What is important here is that we have no detection (as was the case in Monaco et al. 2010, as well), with upper limits in the range A(Li) = 1.0 to 1.7, depending on Teff. In subgiants with these temperatures Li is expected to be slightly depleted with respect to the Spite plateau (Ryan & Deliyannis 1998; Mucciarelli et al. 2011), but still detectable precisely in the above abundance range, with a well defined “Li-ridge” (see Fig. 4 of Ryan & Deliyannis 1998). Our upper limits suggest that the SGB-a Li abundance is below the standard “Li-ridge”. Thus the absence of any Li detection in our sample of SGB-a stars provides indirect support to the notion that these stars are indeed He-rich.
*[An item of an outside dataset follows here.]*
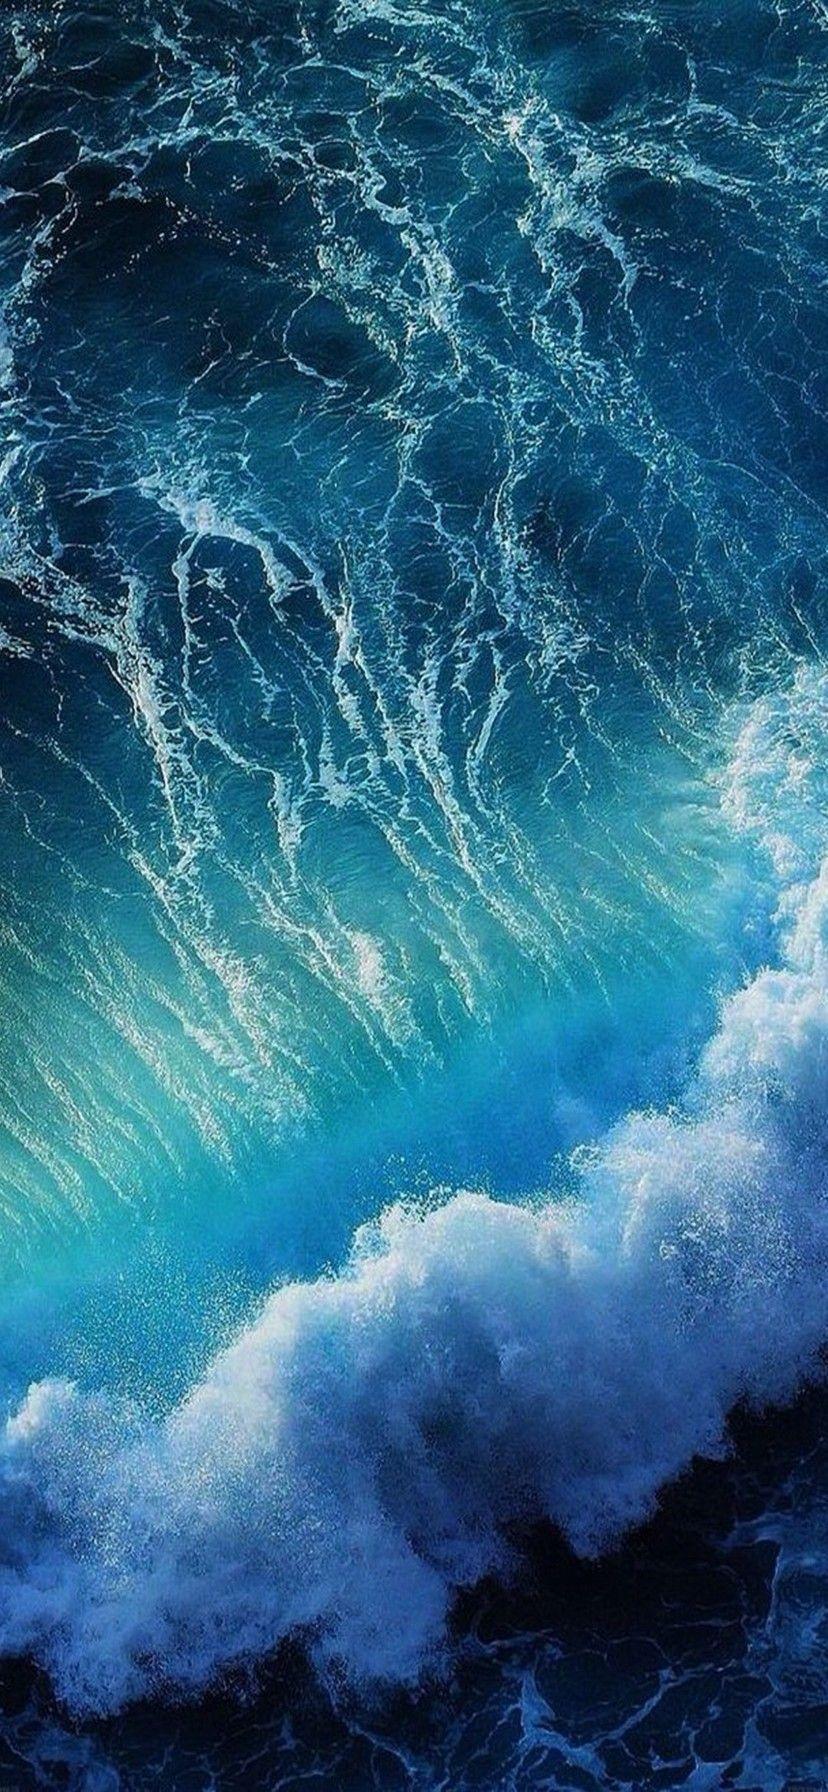 Iphone 11 Wallpaper Hd 4k Download In 2020 Ocean Wallpaper Ocean Waves Waves Wallpaper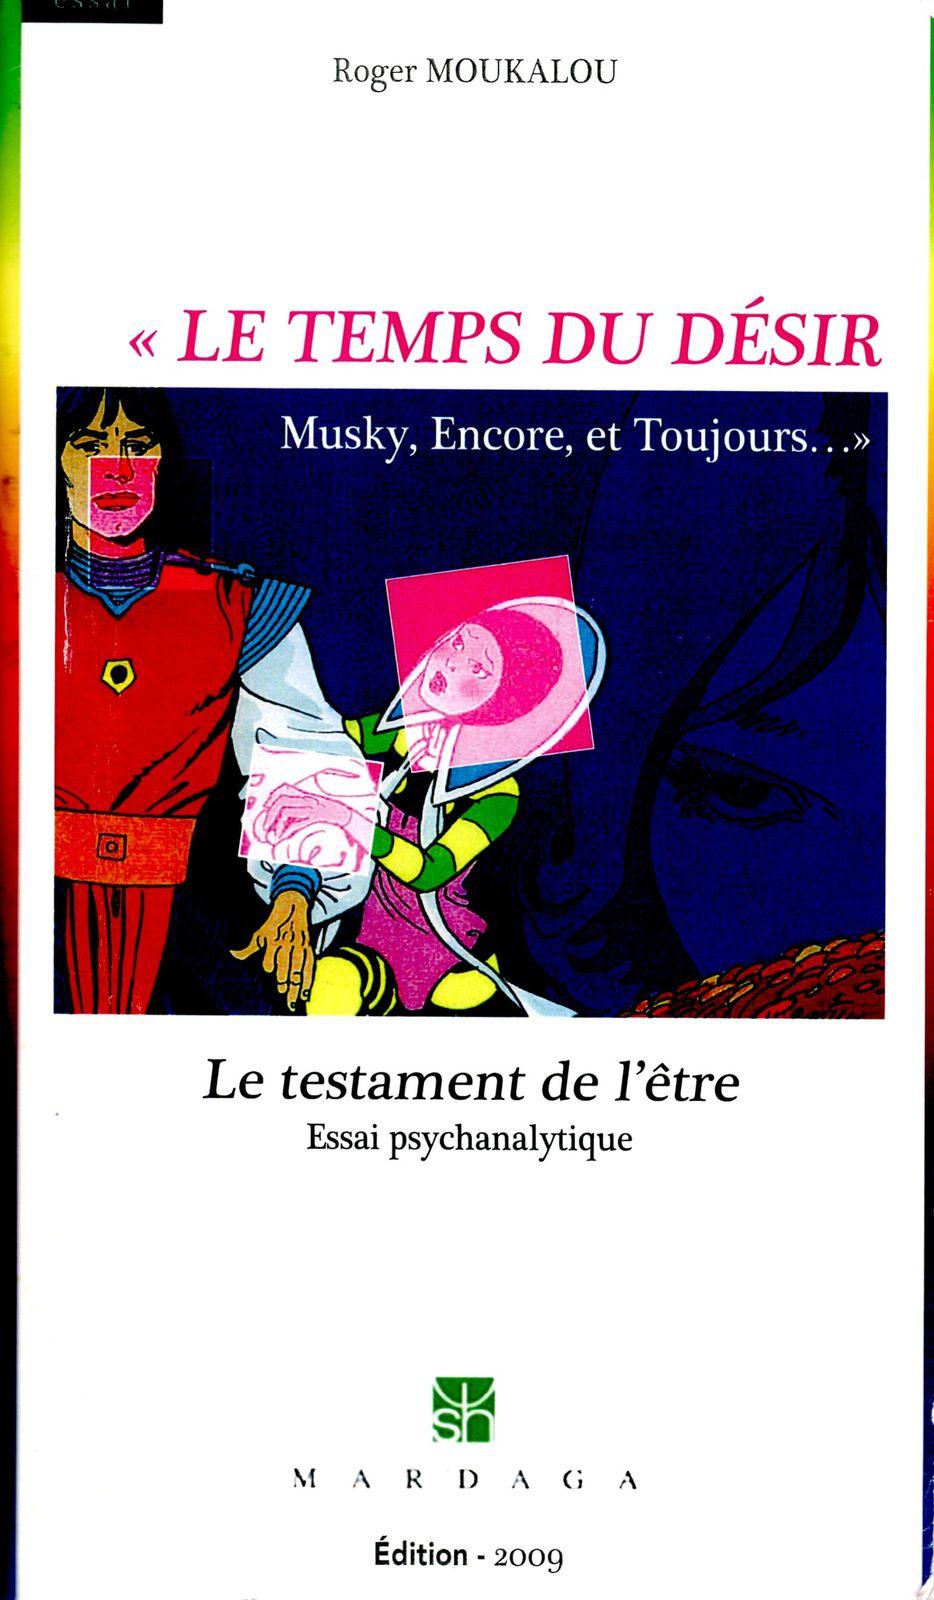 le temps du desir - musky encore et toujours - le testament de l-etre - dr roger moukalou

Deeper observations of the hottest stars of the sample would be desirable to see if any Li is at all detectable. A measured Li abundance would provide a very strong constraint on the amount of Li-free material to be mixed with Li-normal material at the time of the star formation. In turn this would provide the necessary He abundance of the He-rich material in order to obtain the total He abundance implied by the CMD and abundance information of the main sequences. This would place strong constraints on the stars responsible for the nuclear processing. In the chemical evolution model of Romano et al. (2010), He is provided mostly by massive AGB stars (4−5 M), and the He-rich stars are formed from almost pure AGB ejecta. This material would certainly be Li-free, thus a detection of Li in the He-rich sub-populations, even at a low level, could rule out this scenario.

4.3. α-elements

There were half a dozen measurable Ca lines in our spectra, complemented by one single Si line and by 3–4 Ti I and Ti II lines, that we averaged together to produce [Ti/Fe]. Calcium and titanium appear to agree with previous literature estimates, being  ⟨[Ca/Fe]⟩  =  + 0.26 ± 0.16 dex, and  ⟨[Ti/Fe]⟩  =  + 0.45 ± 0.12 dex. As discussed in Sect. 1, while the 0.2 − 0.3 dex decrease in α-enhancement initially found by Pancino et al. (2002) and Origlia et al. (2003) is not confirmed by more recent studies quantitatively, nevertheless a decrease of 0.1 dex approximately can be seen in all sufficiently sampled studies (Norris & Da Costa 1995; Smith 2004; Pancino 2004; Johnson & Pilachowski 2010), and is indeed present in our data.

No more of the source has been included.